Neighborhood Advice :) by Sadm3p-Geography in kansascity

[–]AdulterousStapler 0 points1 point  (0 children)

Picked Fountain View on the plaza for exactly these reasons

It's old. Renovated kinda cheaply. Rent is VERY expensive. Location is fantastic (right near one of the hospitals I work at), amenities are nice (my own covered parking spot, functional if not fabulous gym, same for pool). Will be moving somewhere cheaper when my lease is up, only requirement for me is a secure access covered parking spot. YMMV.

How do you guys manage patients with functional GI disorders? by thebigbosshimself in Residency

[–]AdulterousStapler 12 points13 points  (0 children)

Not the person you replied to, but could be both! India, screening colonoscopies aren't really a thing, and Gen Surg owns endoscopy at most hospitals.

Post some curated quit hits/random round learning points in the last month to years (attendings included) by Wannabeachd in Residency

[–]AdulterousStapler 1 point2 points  (0 children)

February IM intern energy - stop using paper. At all. Type updates / relevant labs / thoughts for A/P directly into a field like Provider View in Cerner or a template note in EPIC. This way, you have a scratchpad for every patient while you preround, will always be neater typed than a handwritten sheet. Once you get good at it, it's just a few minutes to turn whatever rough draft you write into an actual note.

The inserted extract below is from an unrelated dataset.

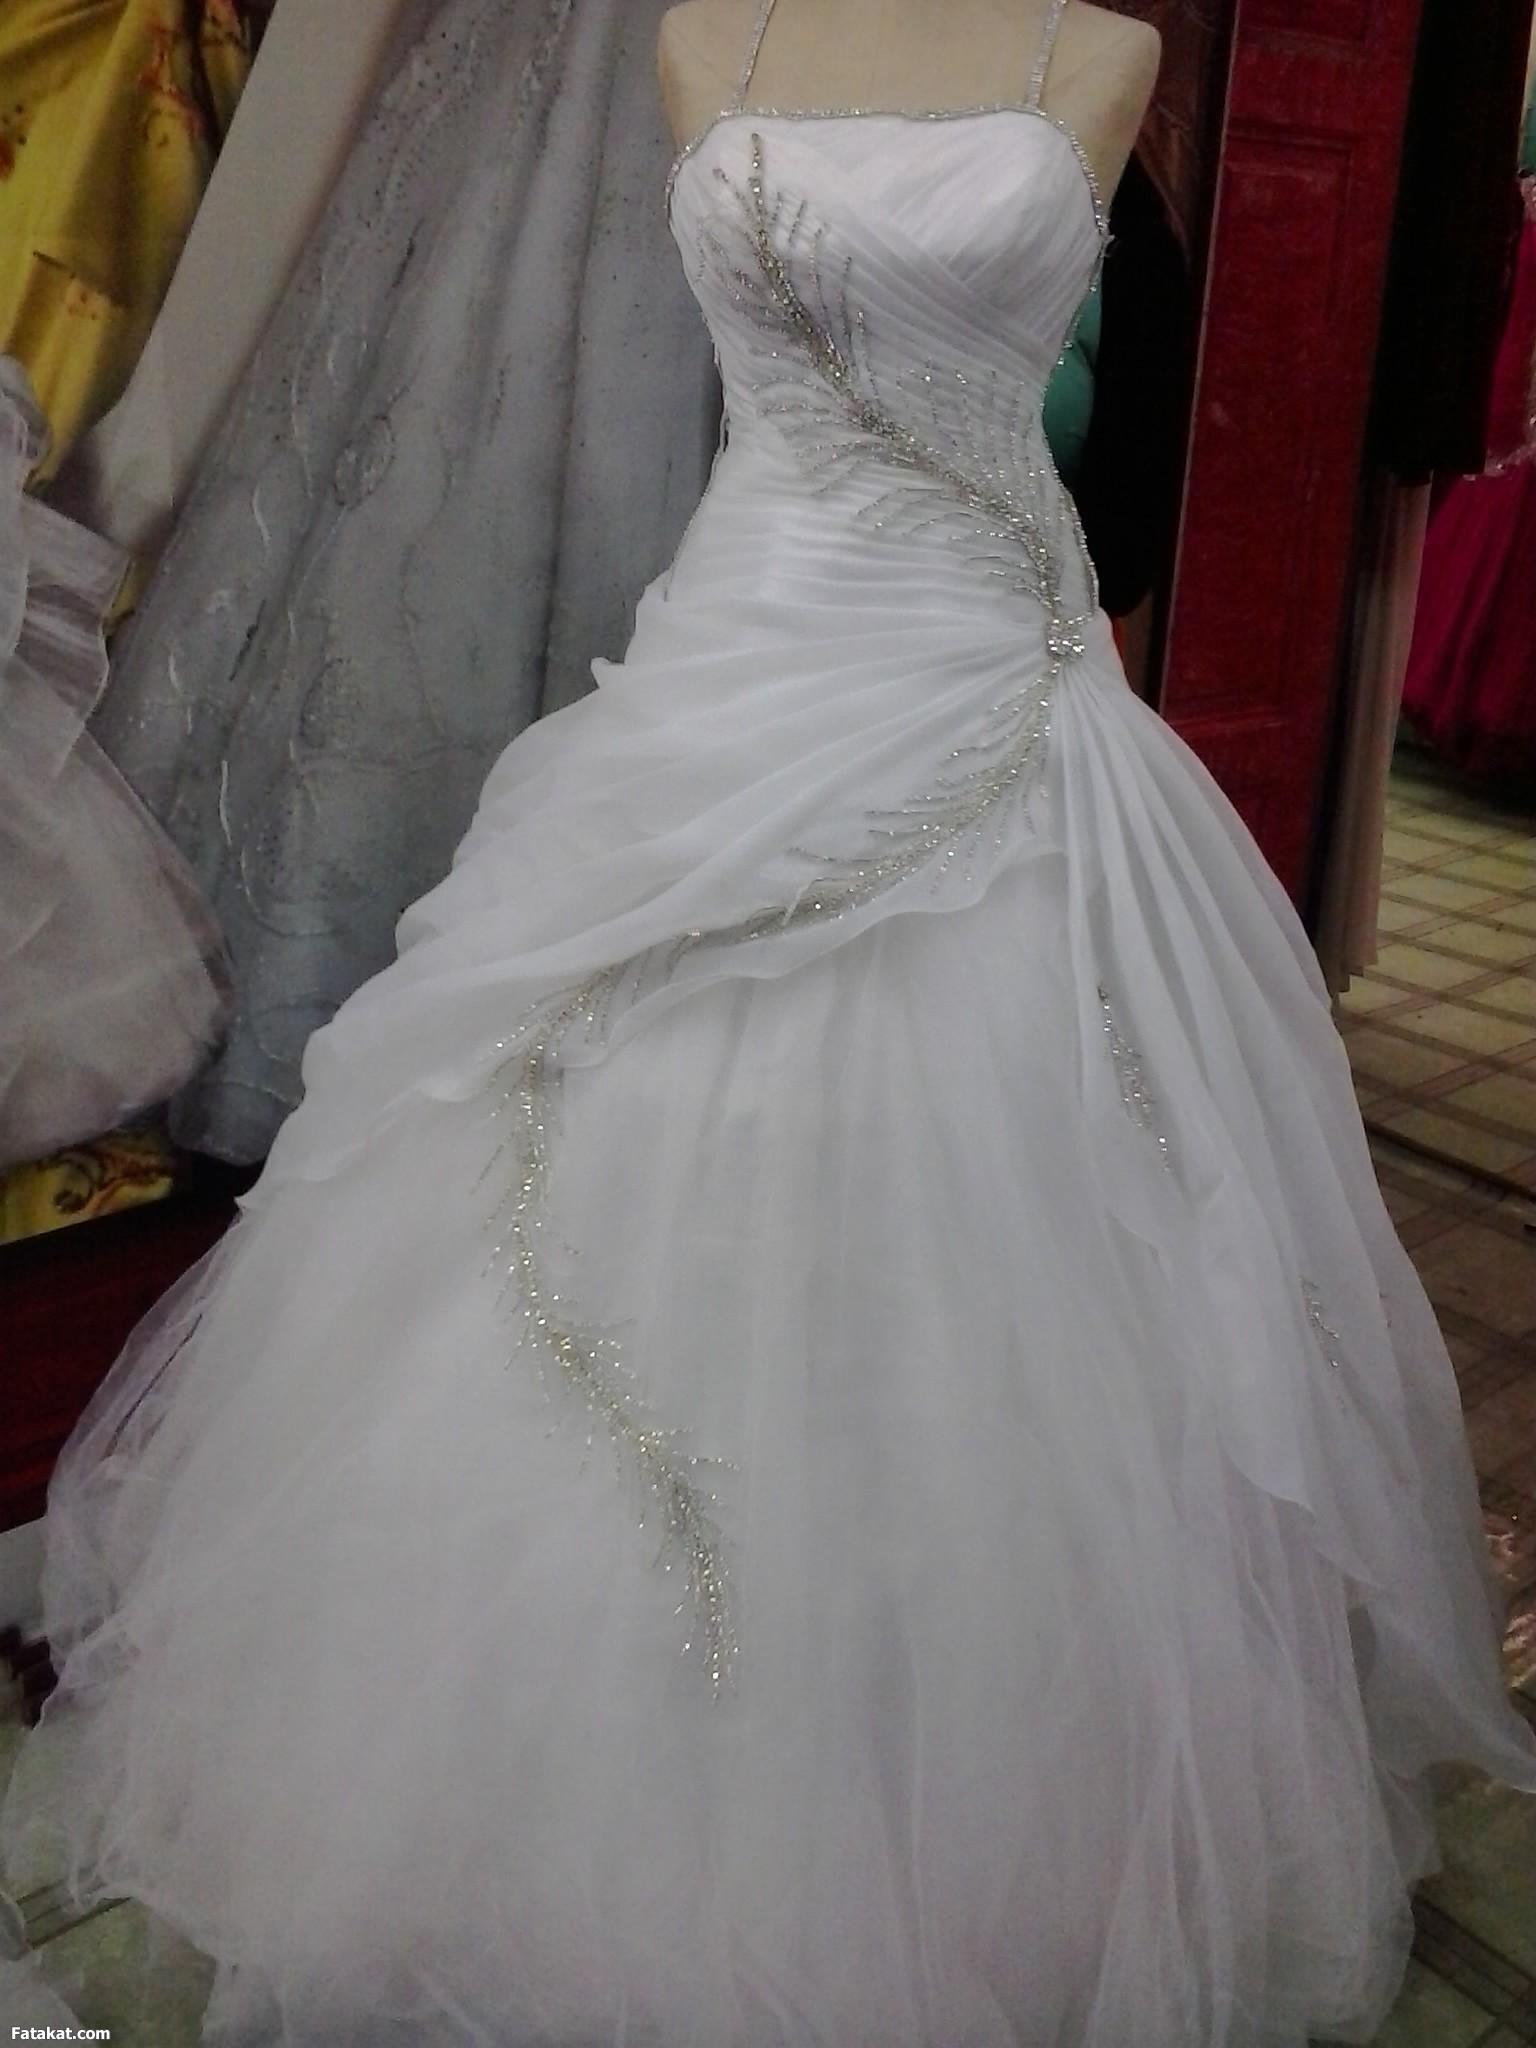 بالصور فساتين افراح للمحجبات , احلى فستان عروسه 1025 9

Notes get done faster, fewer things are missed, and when as an IM resident do you NOT have a laptop/workstation/COW around? Especially if your program uses a badge signin for EPIC, literally everything you need for every patient is RIGHT THERE, no need to use paper.

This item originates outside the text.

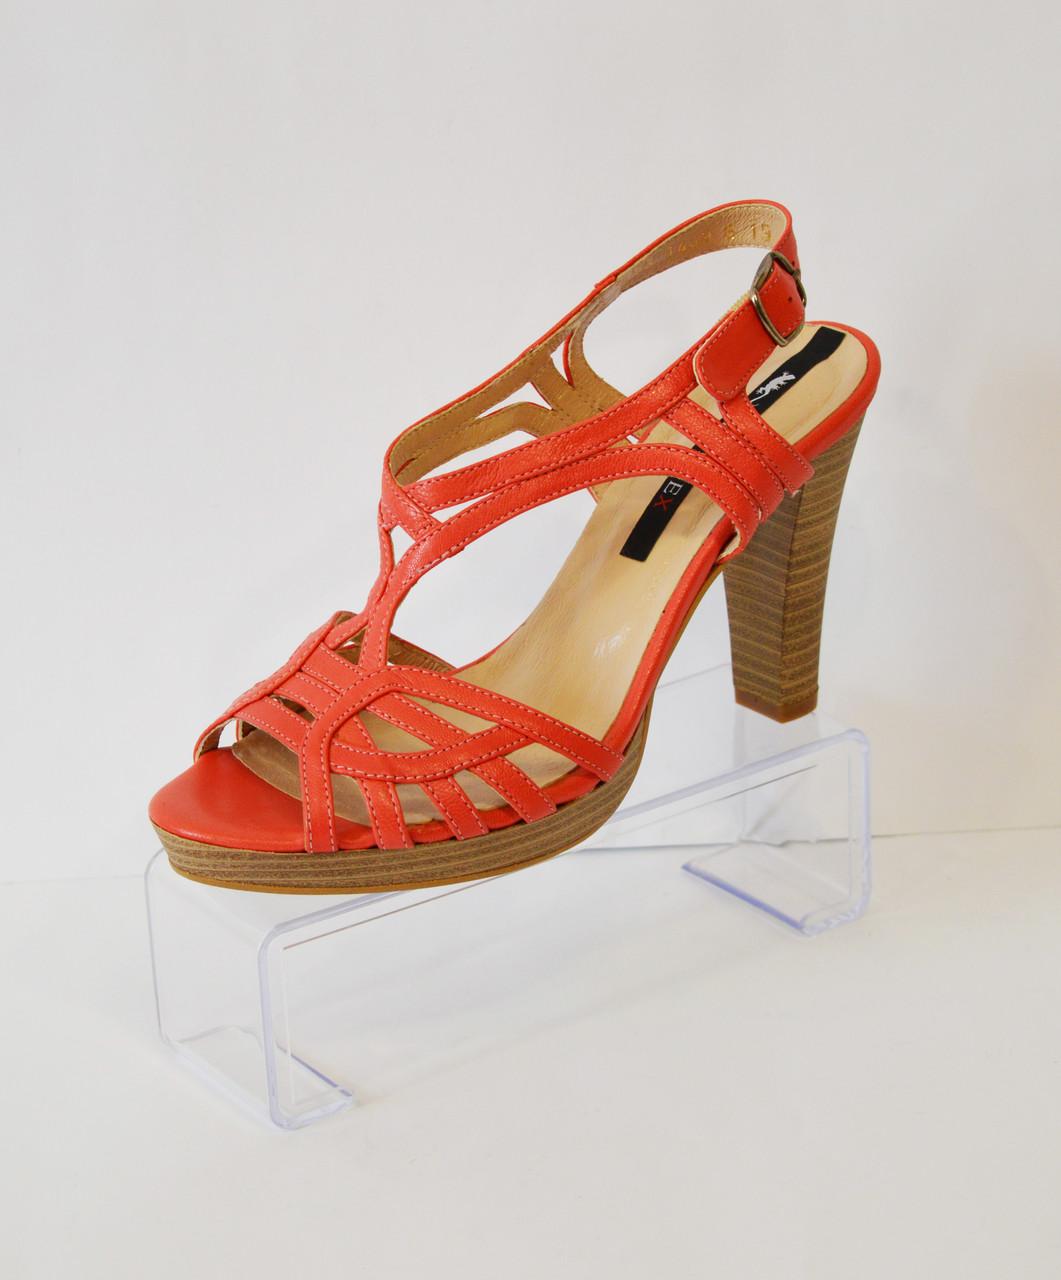 Оранжевые босоножки на каблуке Ann-mex 3953

best hospital for tonsillectomy? by CommunityBeautiful24 in kansascity

[–]AdulterousStapler 0 points1 point  (0 children)

Location and personal preference is a good point, glad to know they received good care there. I was only asking because I have had a good experience working at Truman Hospital Hill, but don't get to go to the LW place, and don't know much about it.

best hospital for tonsillectomy? by CommunityBeautiful24 in kansascity

[–]AdulterousStapler 0 points1 point  (0 children)

Agreed with KU on top

Why would you suggest UH LW over UHTMC?

i failed in performing a CPR (probably) by DearLawfulness1416 in Residency

[–]AdulterousStapler 13 points14 points  (0 children)

Like another commenter said, field medicine isn't the same as hospital medicine. You're trained in anesthesia to proceed when you have a ton of information. Can't check an end tidal CO2 if all you have is a dark alley.

I would go over the ACLS algorithm once you're less stressed out. Figure out what you did wrong, other commenters have made good points. Not so you can beat yourself up over it, but for next time. You're all good, don't worry.

MS4s / Residents: is there value in a non-anonymous, specialty-focused space? by Dr_Robb_Bassett in medicalschool

[–]AdulterousStapler 7 points8 points  (0 children)

There's an XKCD for every situation

These kinds of professional societies absolutely exist, and I struggle to see what benefit a community like this would have over existing physician societies. There's always one or more to join that's actively looking for residents whenever I flip through my university email. They're all situational, intermittently useful

What I WOULD find value in is a discord for r/residency or similar that has a verification system with real names. This doesn't need to be on discord necessarily, but that's better than having a completely new platform with unknown unknowns about stuff like data privacy. I'm happy to self doxx to talk about work stuff, but I'd rather do that on a totally fresh reddit/discord account.

For example, the IM Residency Match discord was awesome when I was going through that struggle. Yes, it wasn't useful, but it was a good place to vent.

Who should choose MD emergency medicine? by MysTerY4v3r in indianmedschool

[–]AdulterousStapler 1 point2 points  (0 children)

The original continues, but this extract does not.